The ABS graft copolymer of the present invention has a glass transition temperature (Tg) of at least 0 ° C. and an average particle diameter of up to 2000 kPa, after preparing a polymer for an inner layer, and then polymerizing a monomer in the polymer for the inner layer. Multi-layered rubber polymer containing an outer layer polymer having a maximum (Tg) of -20 ° C and an average particle diameter of 2500 to 5000 kPa, an average particle diameter of 2500 to 5000 kPa, a gel content of 60 to 95%, and an swelling index of 18 to 40 It is characterized in that it comprises a mixed rubber polymer mixed with a phosphorus large diameter rubber polymer.
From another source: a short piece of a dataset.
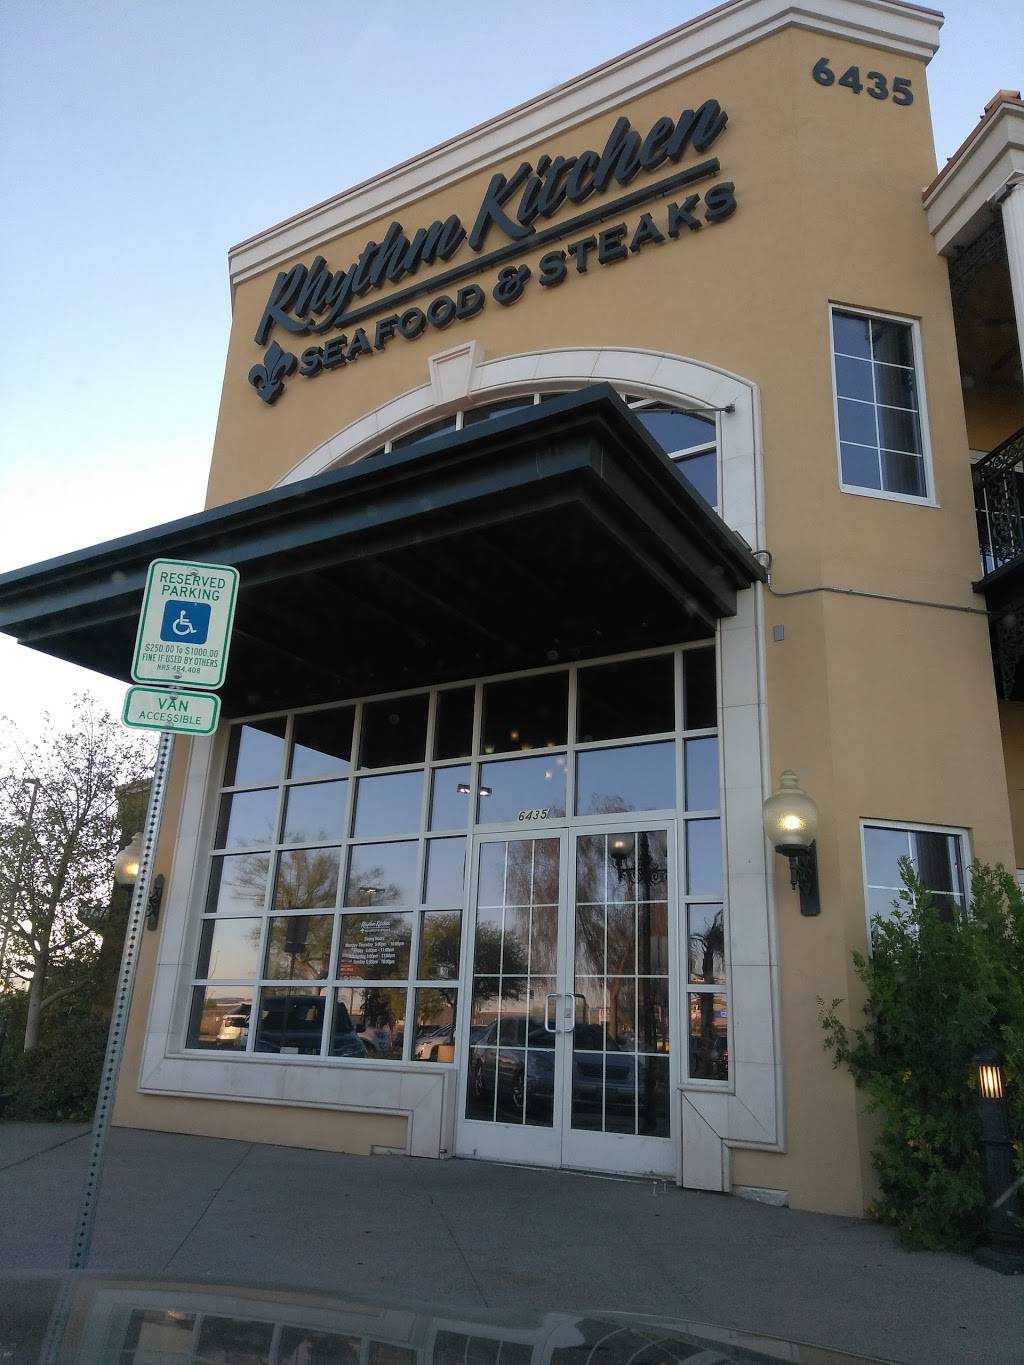 Rhythm Kitchen Seafood & Steak | restaurant | 6435 S Decatur Blvd, Las Vegas, NV 89118, USA | 7027678438 OR +1 702-767-8438

In addition, the ABS graft copolymer of the present invention is characterized by being prepared by grafting an aromatic vinyl compound and a vinyl cyan compound to the mixed rubber polymer.

ABS graft copolymer composition of the present invention can be prepared by the following method.

a) Manufacture of multi-layered rubber polymer

(Manufacture of polymer for inner layer)

The inner layer of this step represents the seed part normally expressed.

The inner layer is based on monomer parts by weight iii) 60 to 100 parts by weight of aromatic vinyl compound, ii) up to 40 parts by weight of vinyl cyan compound, iii) up to 20 parts by weight of conjugated diene compound, iii) 0.1 to 10 parts by weight of graft crosslinker. And (iii) 1 to 4 parts by weight of an emulsifier, iii) 0.1 to 3 parts by weight of a polymerization initiator, iii) a maximum of 2 parts by weight of an electrolyte, and iii) 150 to 200 parts by weight of ion-exchanged water.

The aromatic vinyl compound of (iii) is preferably included in an amount of 60 to 100 parts by weight based on the monomer. If the content is less than 60 parts by weight, there is a problem that the colorability is lowered.

The aromatic vinyl compound may be a styrene monomer derivative, and examples thereof include styrene, α-methylstyrene, ο-ethylstyrene, ρ-ethylstyrene, or vinyl toluene.

The vinylcyan compound of ii) is preferably included in a maximum of 40 parts by weight based on the monomer. If the content exceeds 40 parts by weight, there is a problem that the impact resistance is lowered.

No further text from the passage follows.